For each of the 20 controls, the experts identified specific (actual) attacks that the control stops or mitigates, illuminated best practices in automating the control, and defined tests that can determine whether each control is effectively implemented. The resulting Consensus Audit Guidelines (CAG) document, once fully vetted, is expected to become the standard baseline for measuring computer security in organizations that are likely to be under attack.
The CAG project has been led by John Gilligan who served as CIO for both the U.S. Air Force and the Department of Energy and served on the Obama transition team focusing on IT within the DoD and intelligence community. Of this project, Gilligan said, “It is a no brainer. If you know that attacks are being carried out, you have a responsibility to prioritize your security investments to stop those attacks.”

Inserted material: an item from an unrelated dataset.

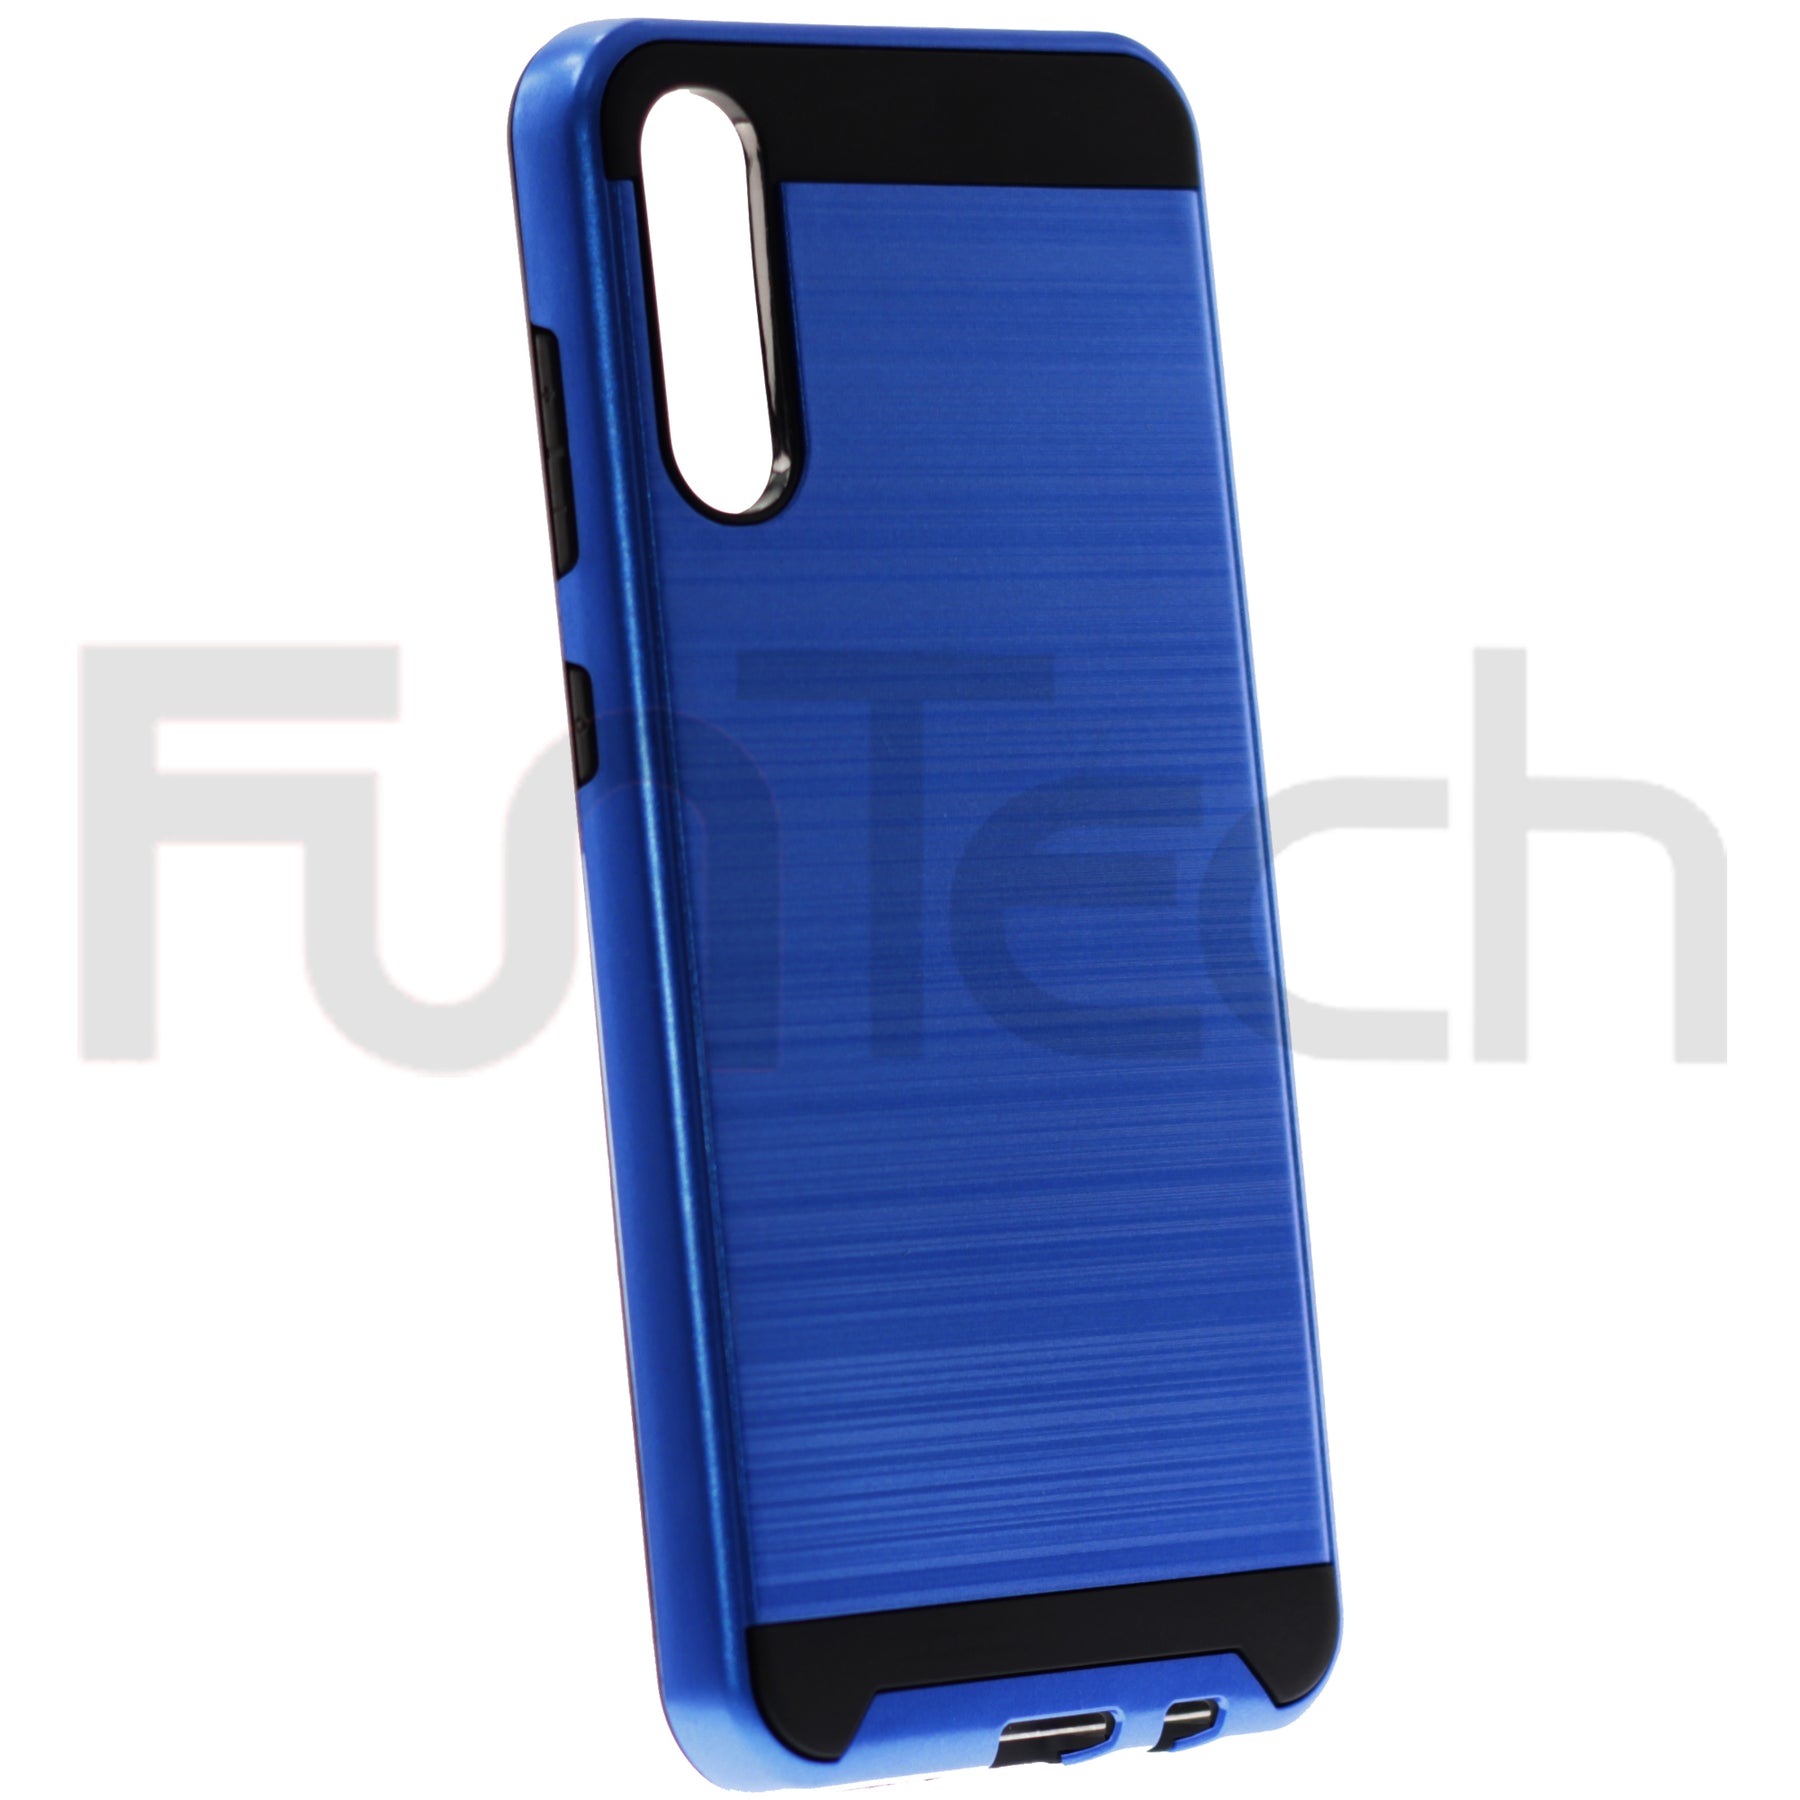 Samsung A70, Slim Armor Case, Color Blue.

“The team that was brought together represents the nation’s most complete understanding of the risk faced by our systems. In the past cybersecurity was driven by people who had no clue of how the attacks are carried out. They created an illusion of security. The CAG will turn that illusion to reality,” said Paller.

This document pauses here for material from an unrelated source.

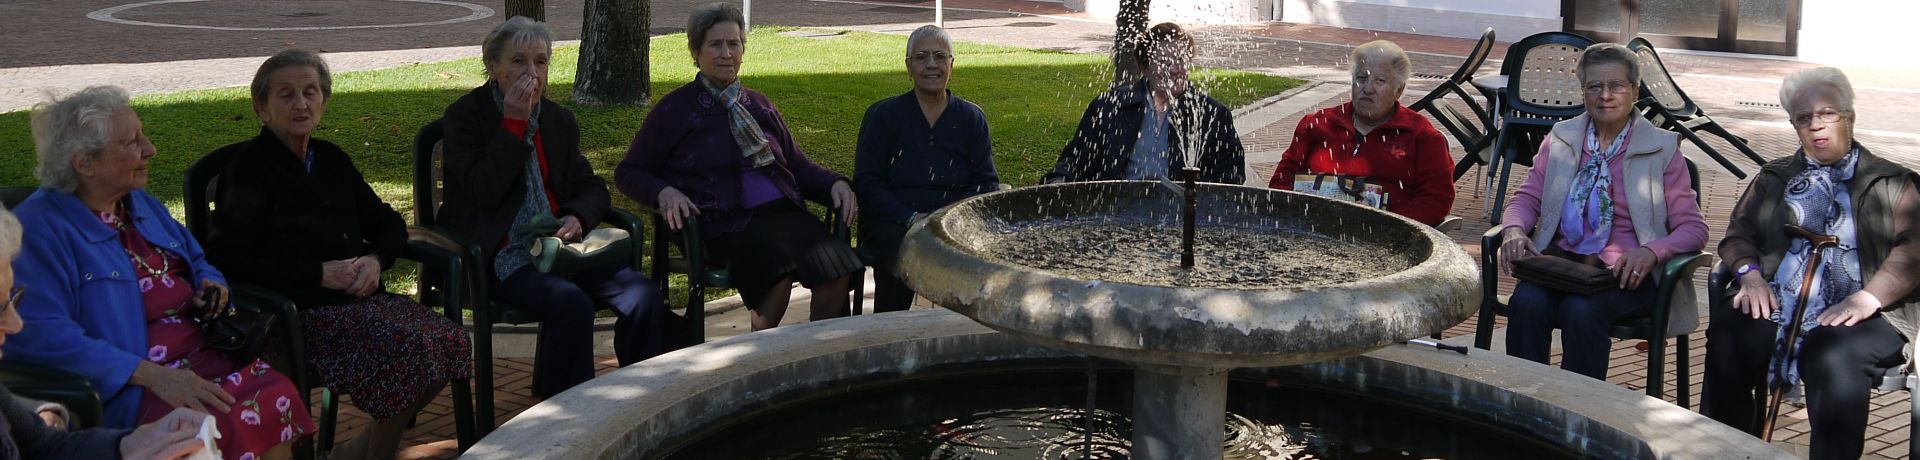 Istituto Sacro Cuore Roma Scuola Sacro Cuore - Foto di gruppo in giardino davanti alla fontana

Broad adoption of the CAG would lead to agreement on standards for security automation and government-wide procurement of tools that have been proven to work. Because the federal government spends more than $70 billion on information technology each year, Jim Lewis, Director of the CSIS Technology and Public Policy Program said, “Better use of standards and acquisitions authorities are among the most powerful tools the federal government has to improve cybersecurity and offer a real opportunity for progress.”
The critical controls proposed to automate measurement and validation include:
*Inventory of authorized and unauthorized hardware;*Inventory of authorized and unauthorized software;*Secure configurations for hardware and software for which such configurations are available;*Secure configurations of network devices such as firewalls and routers;*Boundary defense;*Maintenance and analysis of complete security audit logs;*Application software security;*Controlled use of administrative privileges;*Controlled access based on need to know;*Continuous vulnerability testing and remediation;*Dormant account monitoring and control;*Anti-malware defenses;*Limitation and control of ports, protocols and services;*Wireless device control;*Data leakage protection.Meanwhile, critical controls that are currently not directly supported by automated measurement and validation, include:
*Secure network engineering;*Red team exercises;*Incident response capability;*Assured data back-ups;*Security skills assessment and training.The CAG’s detailed control descriptions, with attacks they stop or mitigate, how to automate them, and how to test them, have been posted at:
http://www.sans.org/cag/.Multiple industry observers have reported on the need for a layered, methodical approach to security management featuring automation and analytics to replace the various federal security mandates that have grown organically over the last decade. As the battle to comply with federal security regulations moves away from being an overwhelming paper chase to a more cohesive, common-sense approach to managing IT security, observers maintain the new plan would go a long way to improve the federal government’s IT security posture.